Cryonics, or the freezing of a living organism over a long period of time in hope to restore life to it at a future time, is no longer just a myth from the world of fiction presented to us on the television. This practice is used to preserve the lives of those who cannot be treated by modern medicines and so hope to continue their lives when technology and advancements permit them to do so.
Although the technology is still in its infancy, great advances have been made in the recent decades which have enabled us to understand what techniques and procedures are needed to perform both a successful freezing and revival.
With the technology and knowledge we have today only part of the procedure can actually be carried out. Although the freezing is possible and has been performed successfully, the reviving has never been performed because of one reason: the technology has not yet been developed. This could take years, decades or even centuries.

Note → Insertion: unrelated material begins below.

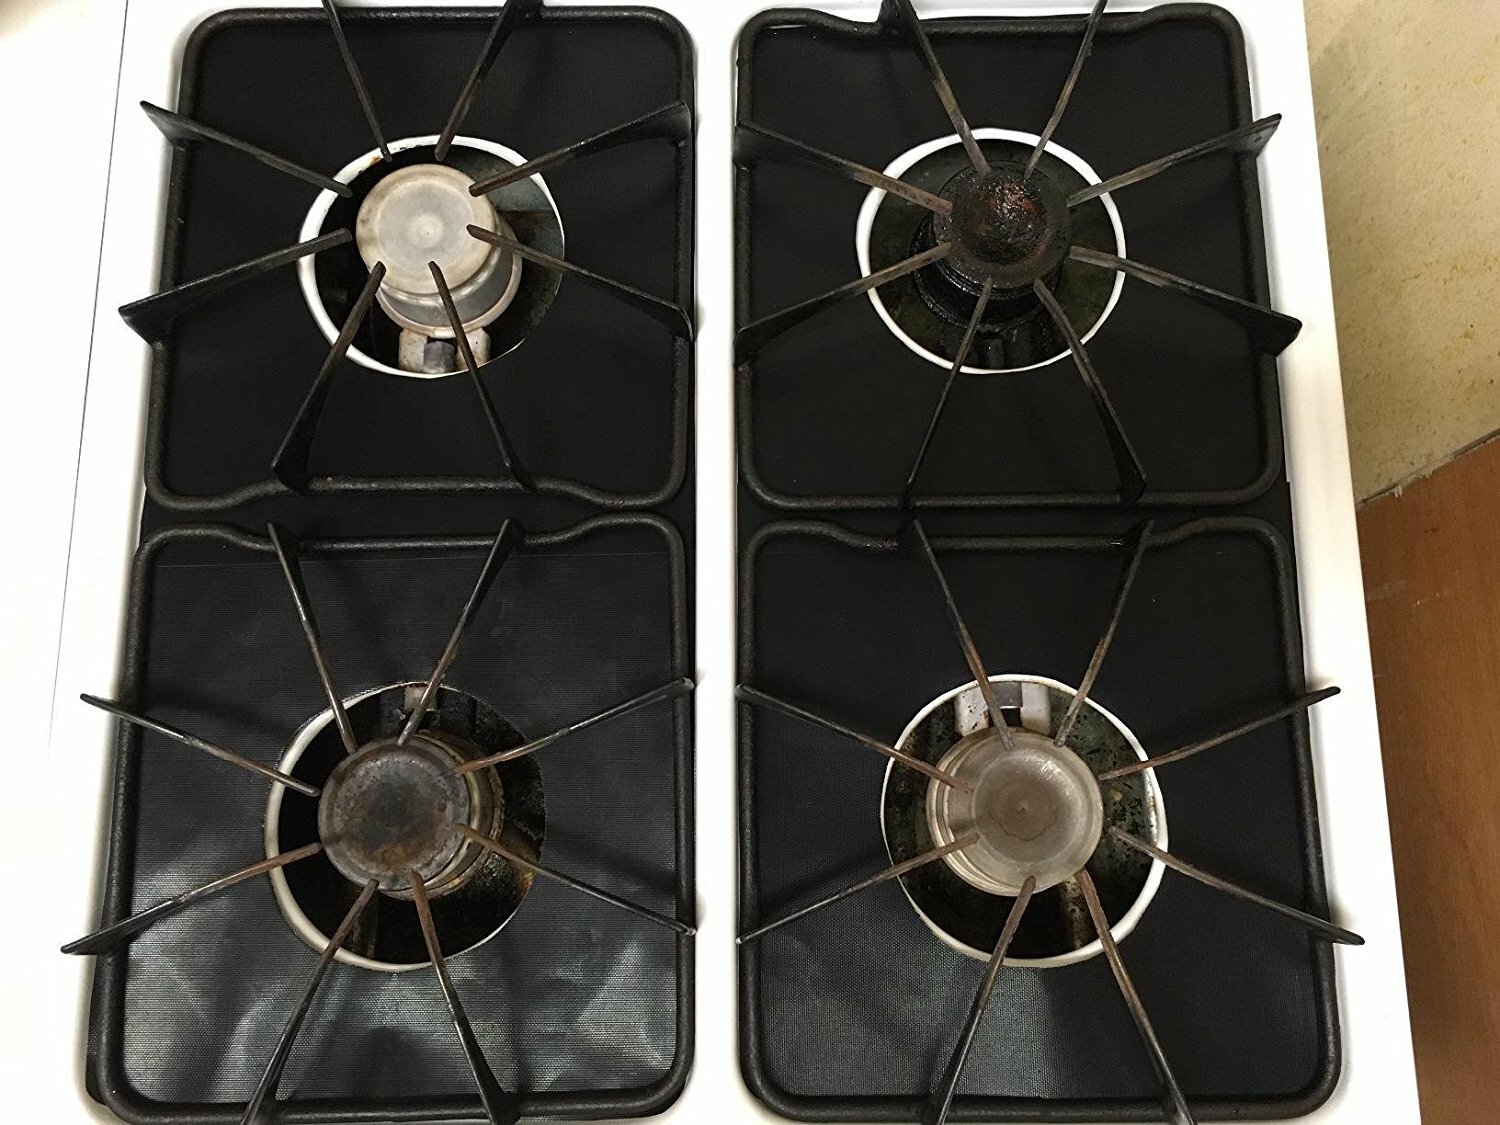 Stove Burner Covers Stainless Steel Rectangular Gas Top Kitchen Decor Set Of 2

Some may think that cryonics is still only science fiction and that the frozen bodies stored in the – 196°C conditions in Arizona, USA are of no use but, the science behind the procedure is feasible. The Alcor Life Extension Foundation states on their website that cryonics can indeed be justified.
The stopping and restarting of life may seem unnatural and abnormal to most. However, the necessary procedures have been carried out thousands of times. Human embryos are preserved for years at a time at temperatures which completely stop biological activities. Later on they are defrosted and grow into perfectly healthy human beings. Fully grown adults have also survived cooling to low temperatures which stop all heart and brain activity.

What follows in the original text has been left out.